Russia reluctant to admit ‘the enemy is at the gate’, treats incursion as natural disaster
- Ukraine’s surprise incursion into Kursk marks Russia’s first foreign military clash in decades, rattling Kremlin defences and public sentiment

The Kremlin’s attempt to convey a sense of normality over the Ukrainian incursion is being replicated in state media. They have focused reporting mostly on efforts to bring humanitarian aid to the nearly 200,000 people who’ve fled their homes, as if they are victims of flooding or some other natural disaster rather than the first foreign military intervention since World War II.
“The Kremlin doesn’t want to send a message that the enemy is at the gate,” said Olga Oliker, Director for Europe & Central Asia at the International Crisis Group in Brussels. “They don’t want to send a message of Ukraine’s strength and their own weakness.”
Ukraine says it is continuing to expand operations in Kursk and controls dozens of villages and towns with the incursion in its second week. Russia’s Defense Ministry has rushed reinforcements to try to restore control, so far without success. Authorities have also declared a state of emergency in the neighbouring Belgorod region, where officials report mounting cross-border attacks from Ukraine.
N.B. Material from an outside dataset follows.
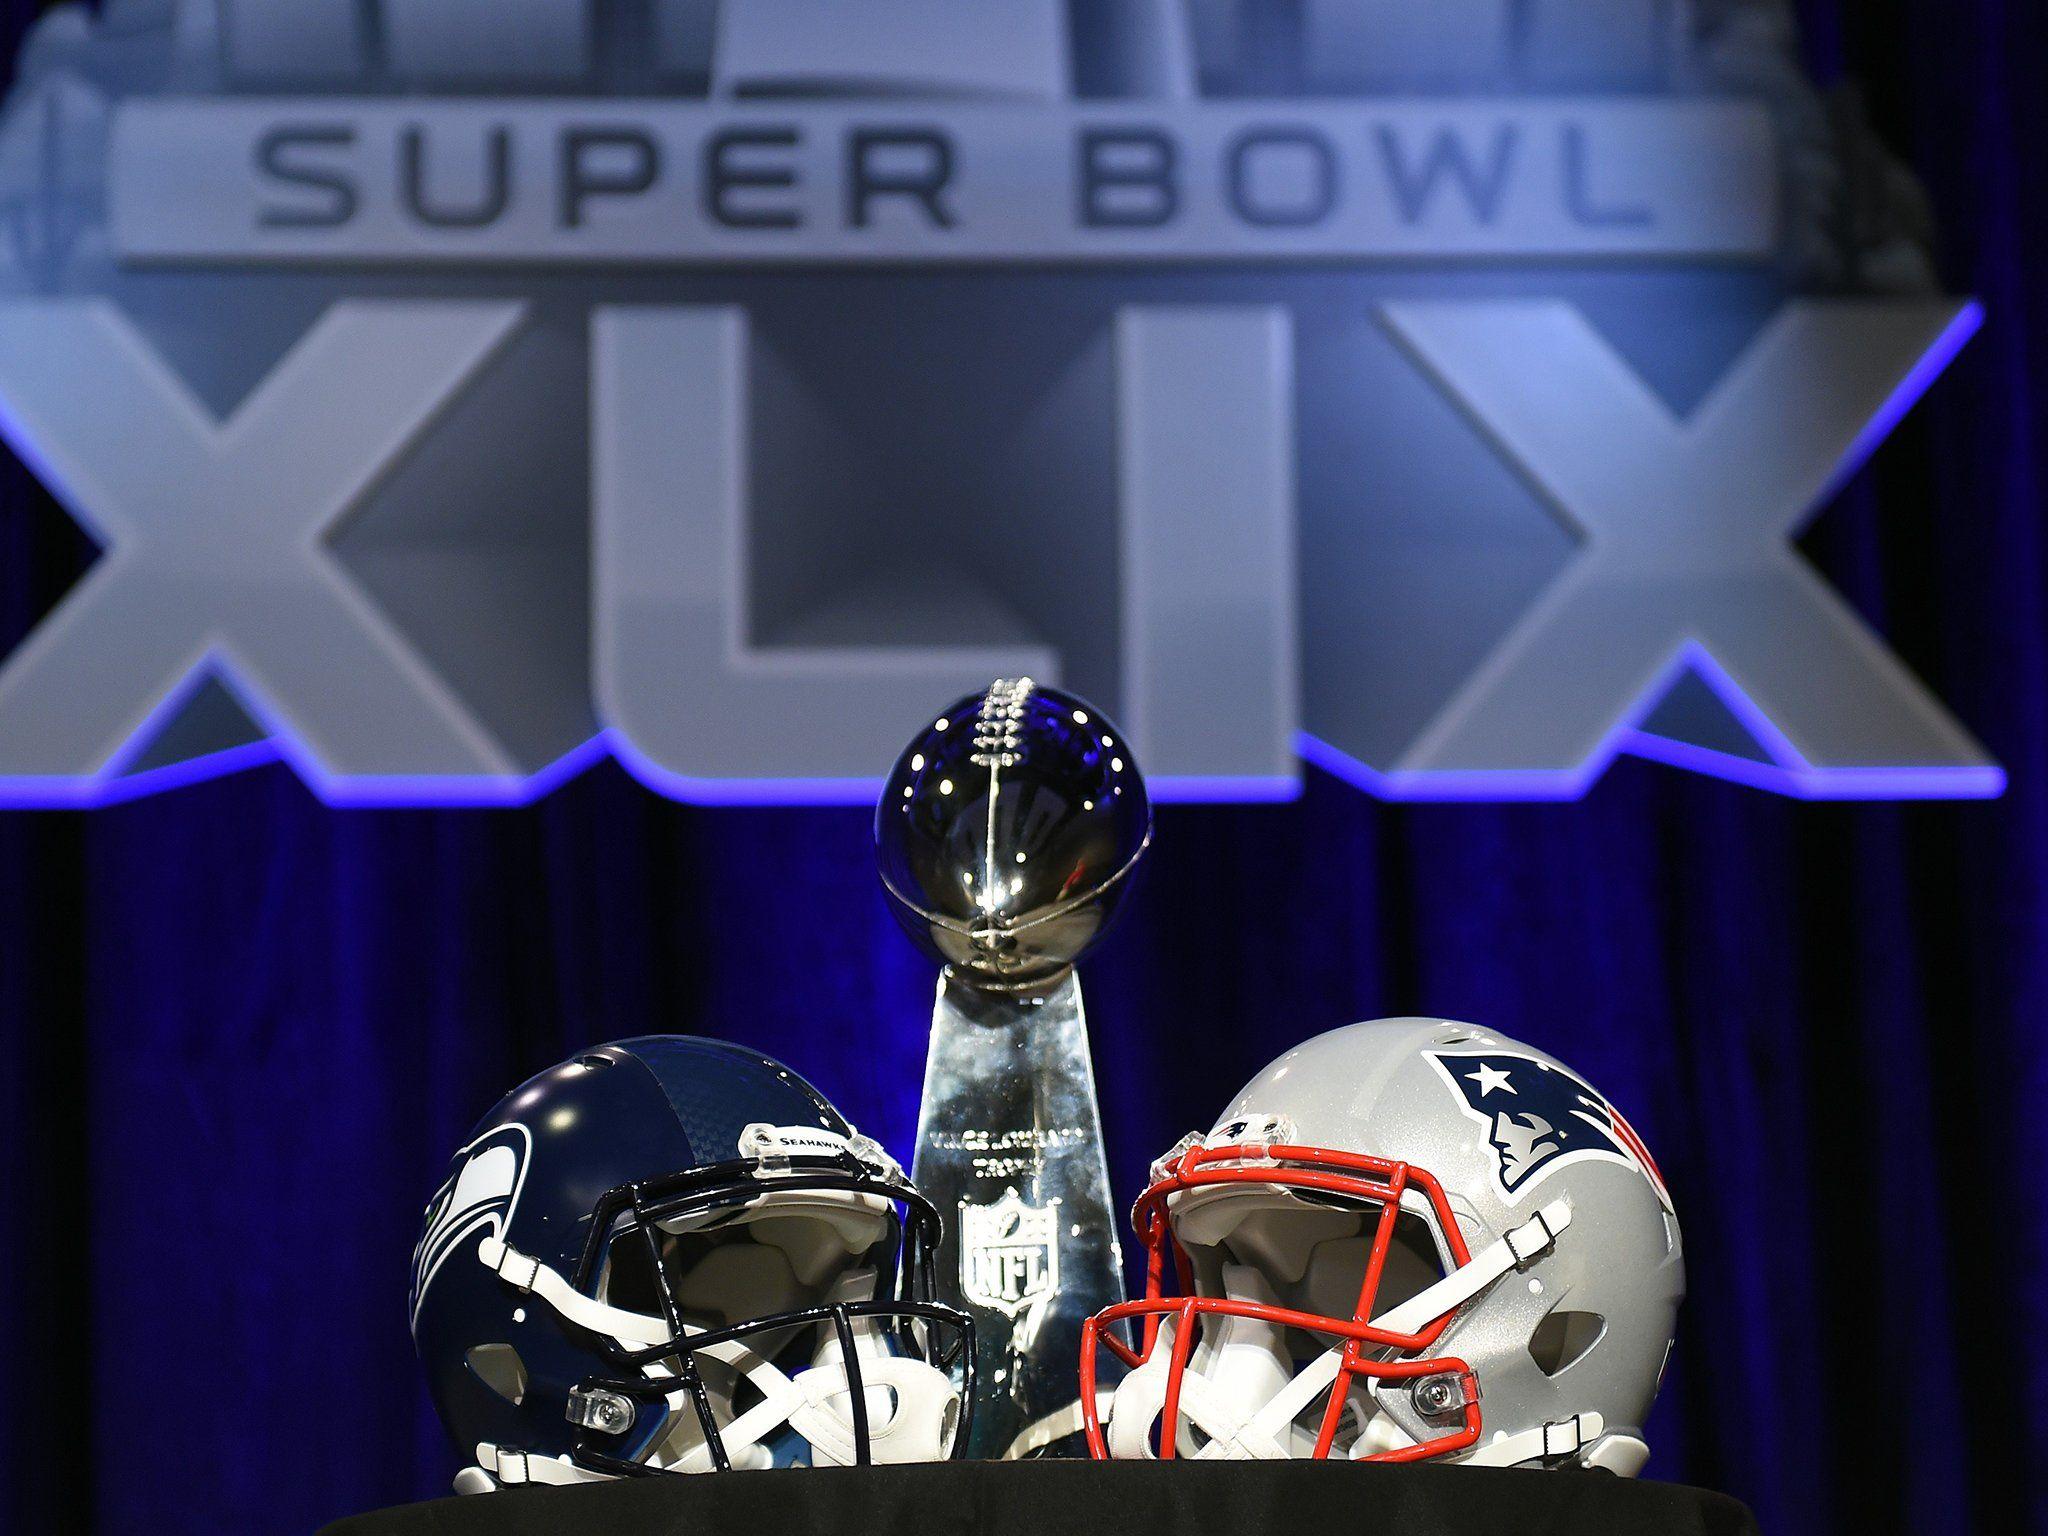 Super Bowl 2015: NFL Season Of Disgrace, Involving Cover Ups

It is a stunning reversal for Russia more than 900 days after Putin ordered the February 2022 invasion that was meant to deliver a swift victory. Ukraine’s military strike caught its allies in the US and Europe by surprise, too, where some had long worried that allowing Kyiv to carry the war into Russia would be a red line provoking a harsh response from Putin – maybe even a nuclear one.